Generalization and beyond chess puzzles

I have generalized my solution to resolve other (who says any?) chess puzzles:

• placing 3 queens in a 6x6 board in such a way all squares are controlled (you have to hack a bit to manage a 6x6 board, since the library only manages 8x8 board)
• kings that respect social distancing
• or the famous n-queens problem.

Again with opportunistic reuse and in a way the program fits in a tweet ;)

There are so many ideas to explore: the use of constraint programming, genetic algorithms, etc. If you’re interested, you can explore online the notebook and programs. I highly recommend the notebook of Luc Lesoil who nicely resolves the first chess puzzle in a different and elegant way (eg with numpy and matplotlib to visualize the solution).

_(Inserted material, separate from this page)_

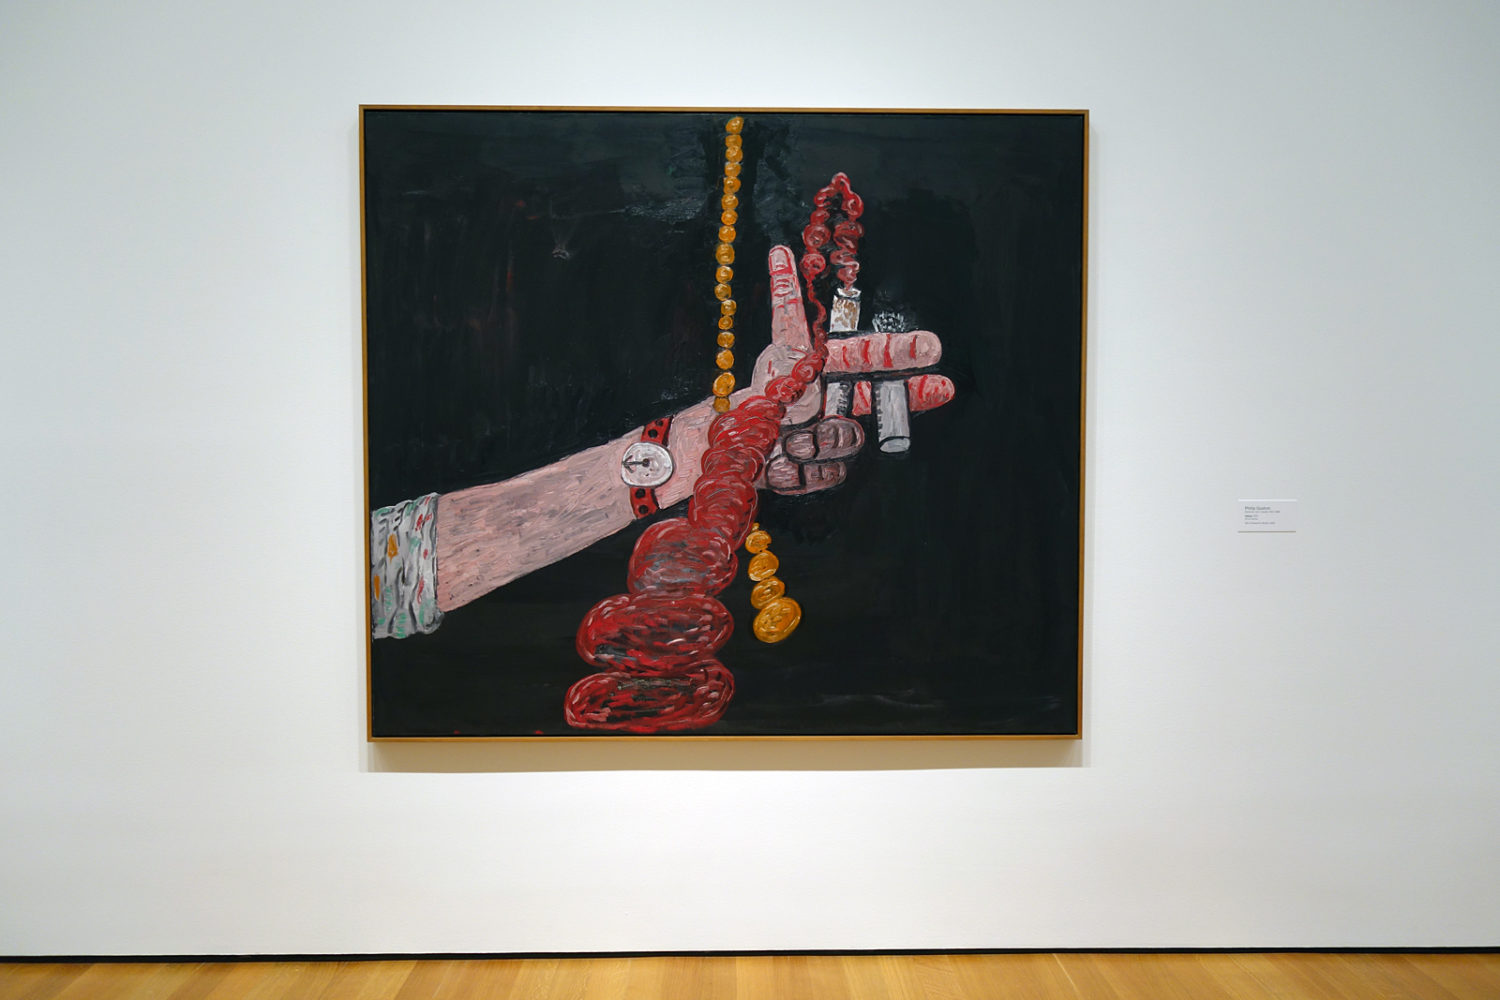 Philip Guston "Talking" at MoMA in 2017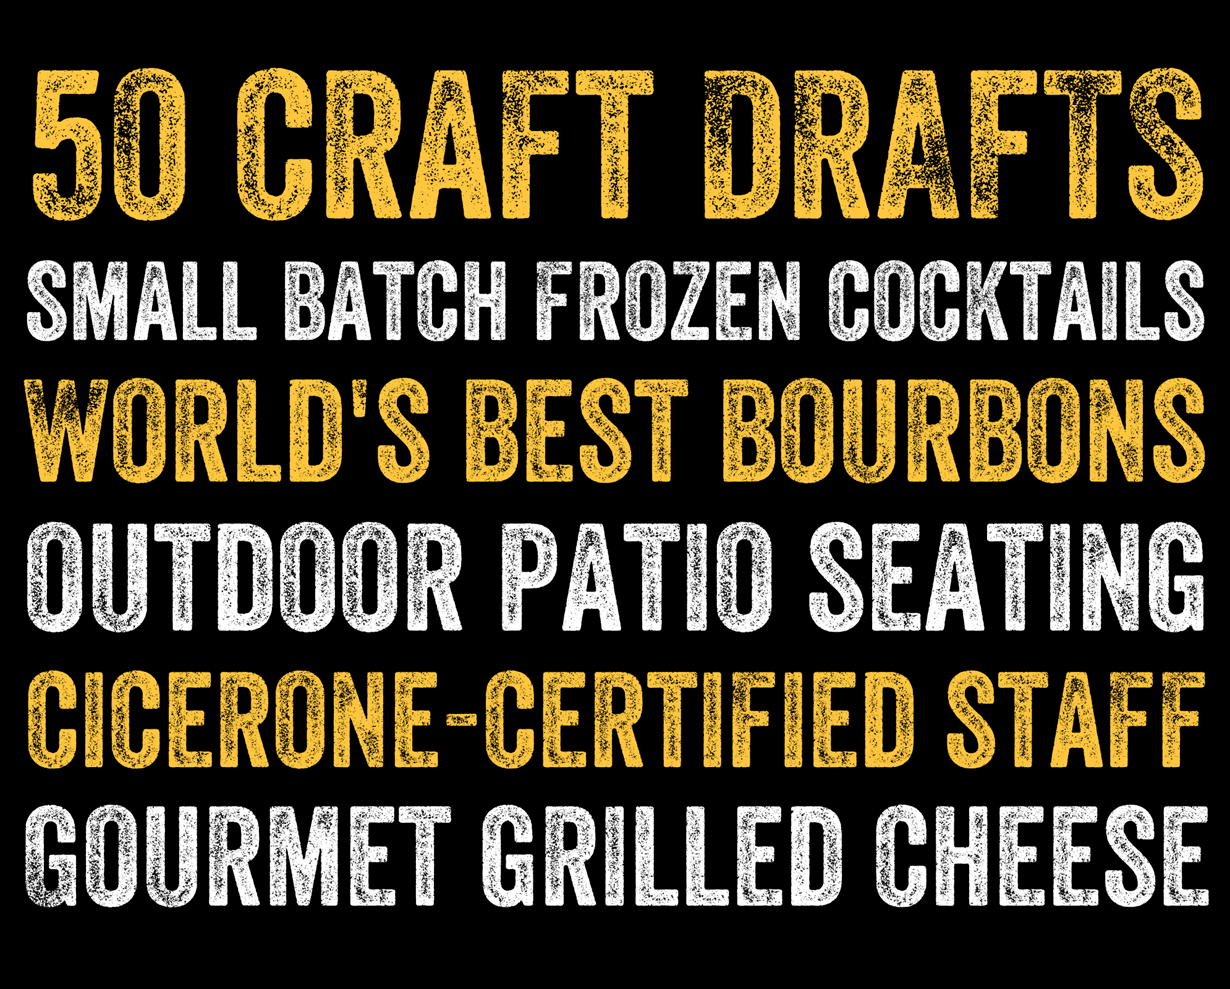 50 craft drafts small batch frozen cocktails best bourbons outdoor patio seating cicerone certified gourmet grilled cheese

Maybe the easiest is to watch my talk Towards programming puzzle spaces available on Youtube, given at the famous DiverSE coffees. In addition to what I’ve written in this blog post, I’m also developing and discussing the idea of generating interesting and enough hard puzzles (not necessary chess ones, see examples). I’m basically arguing that whenever you see a puzzle, launch your notebook, resolve, tweetify, generalize, generate, and move to another puzzle space!